REQUIRED ACTION
Pictures do not belong in your copy. Repeat all the other data exactly.

INFORMATION SUPPLIED
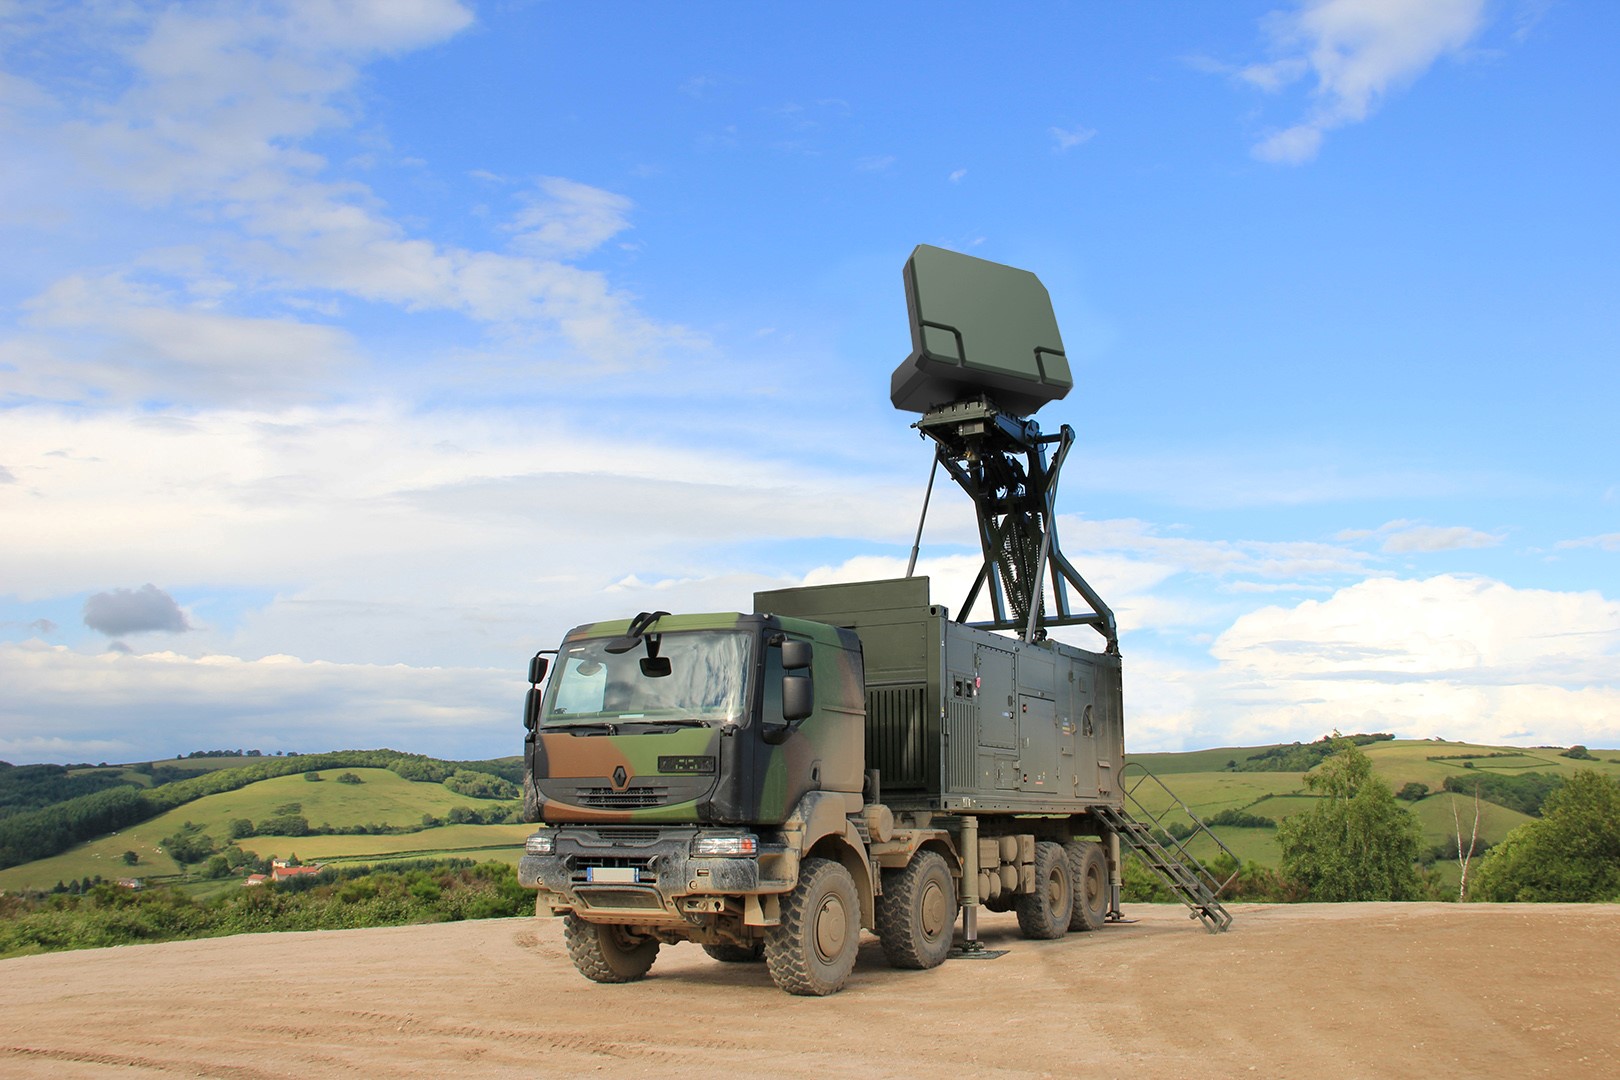 Ground Master 200 multi-mission radar
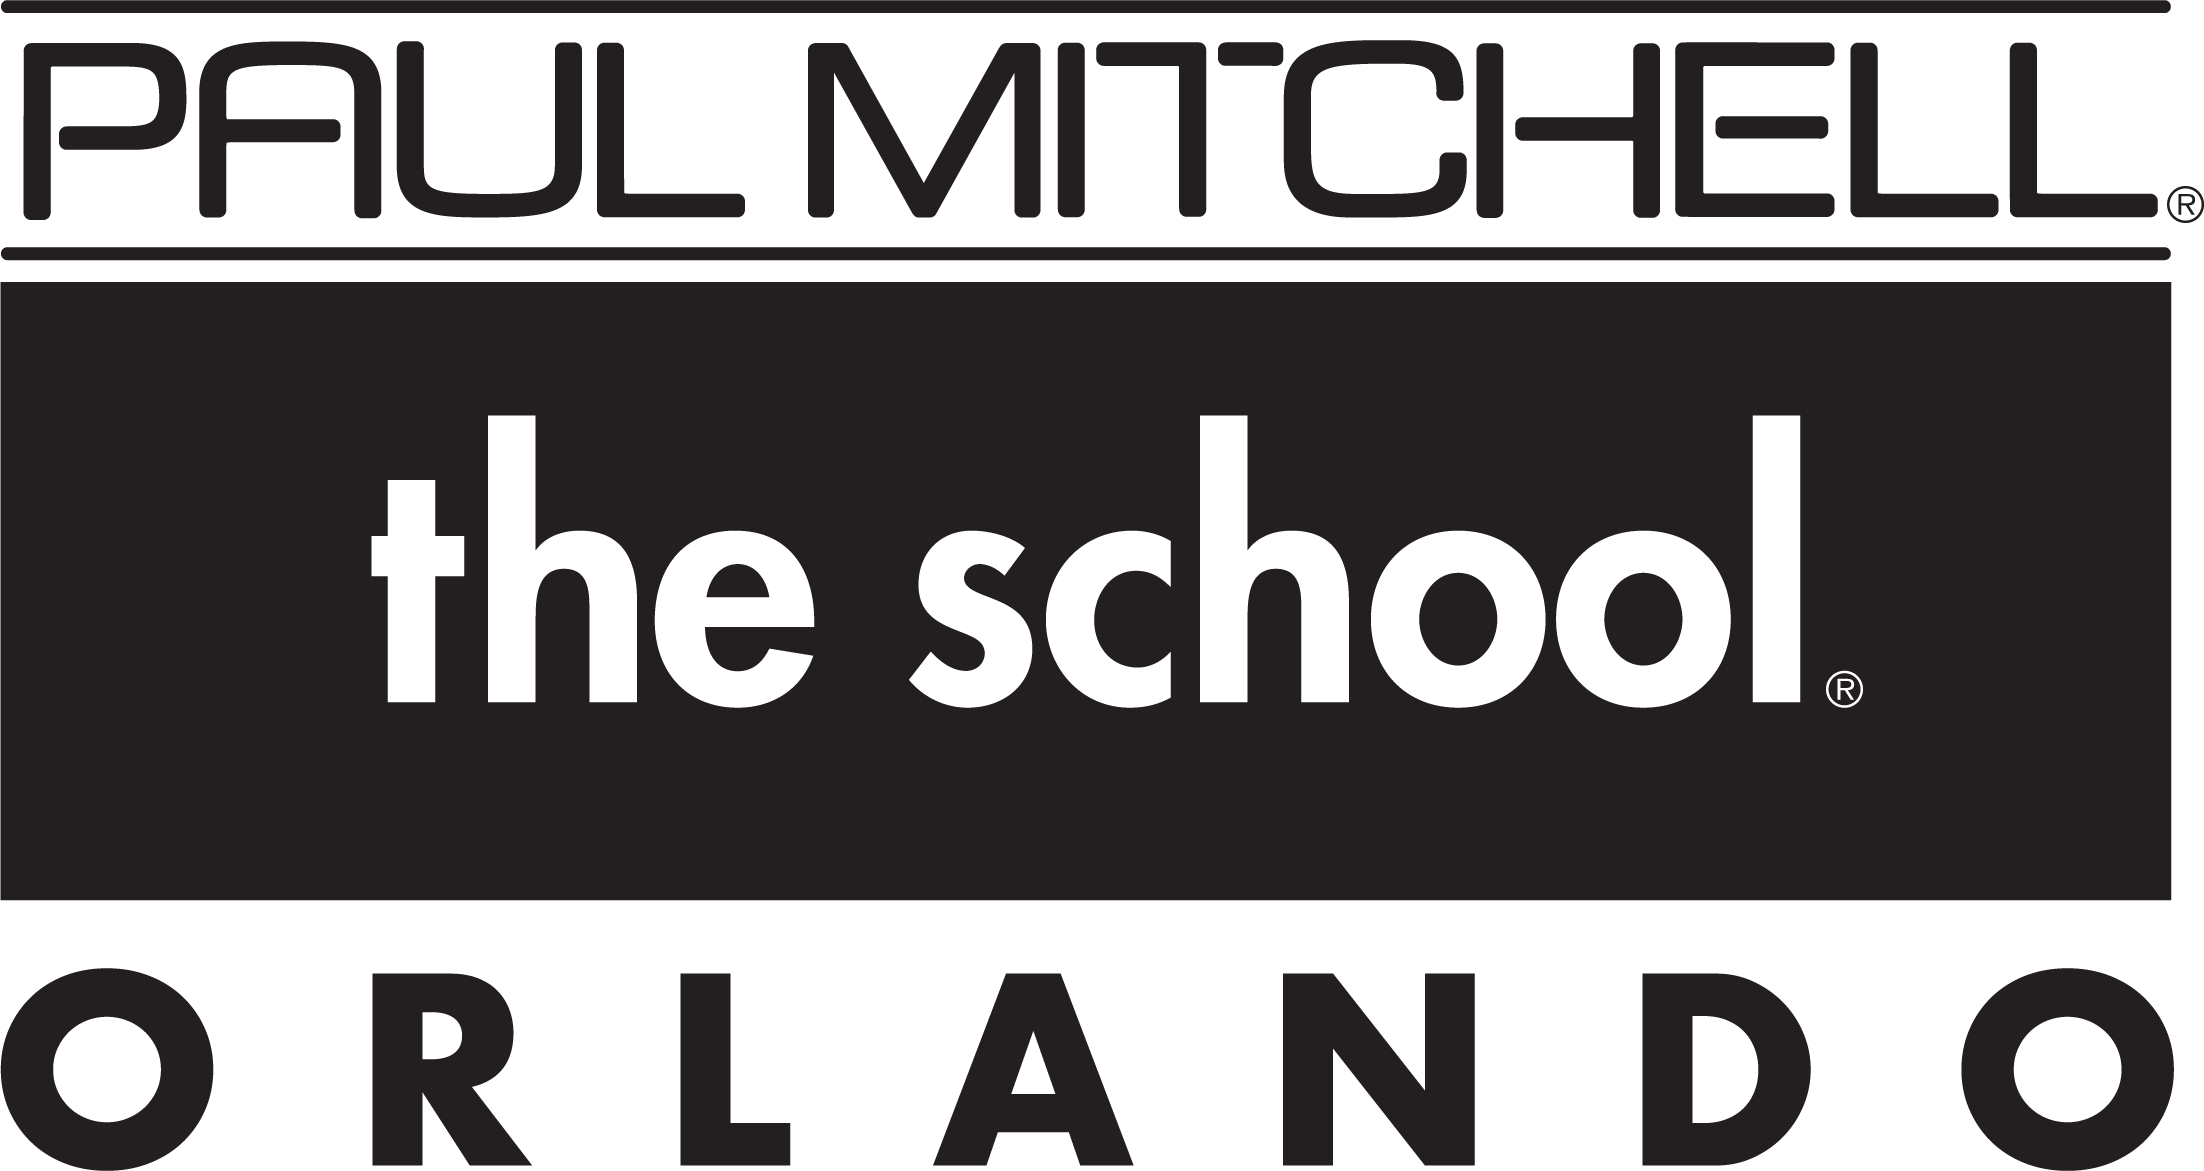 Paul Mitchell Schools catalog
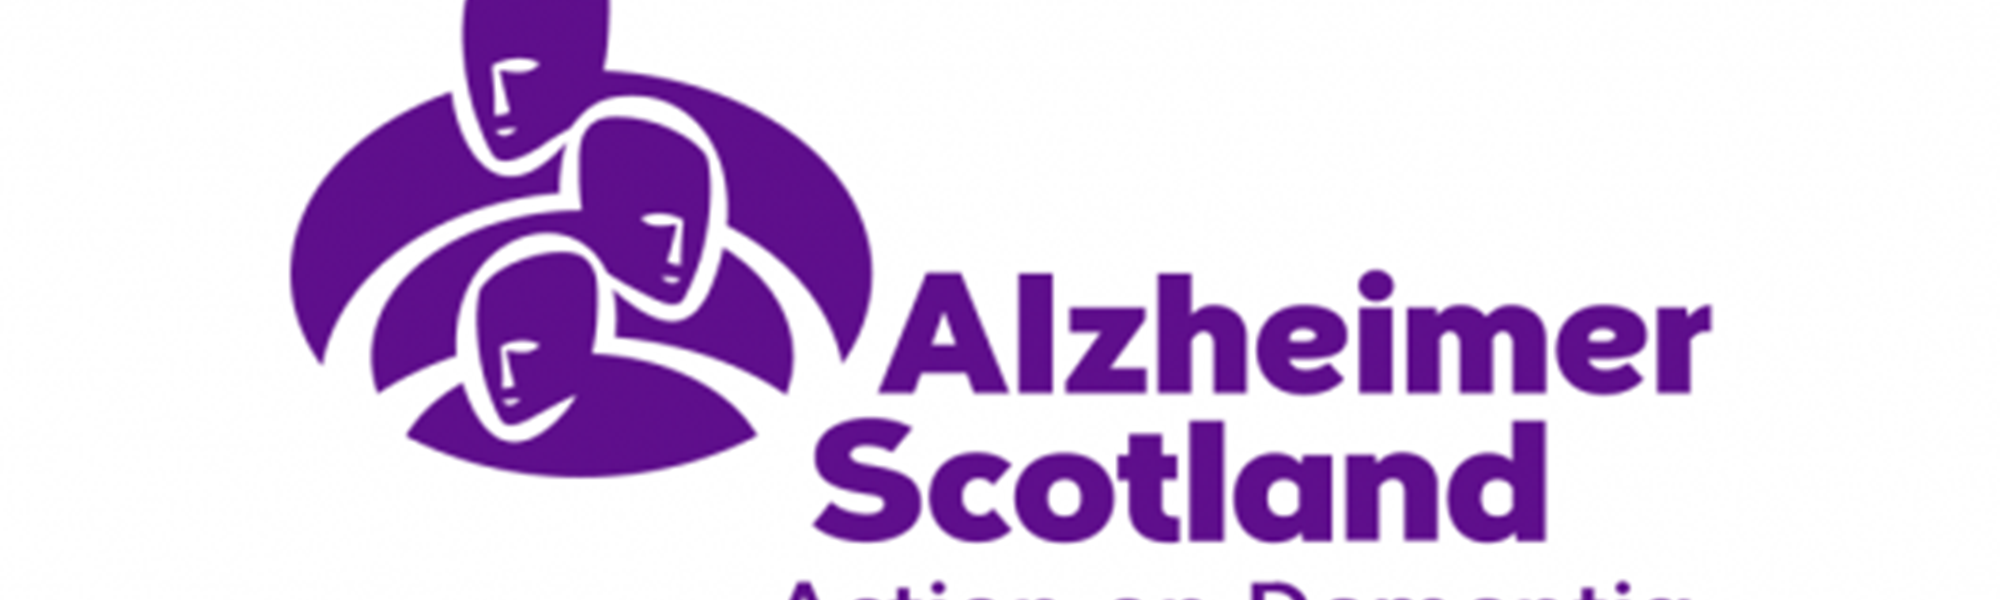 Background image: Society supports Alzheimer Scotland

YOUR SOLUTION
 Ground Master 200 multi-mission radar
 Paul Mitchell Schools catalog
 Background image: Society supports Alzheimer Scotland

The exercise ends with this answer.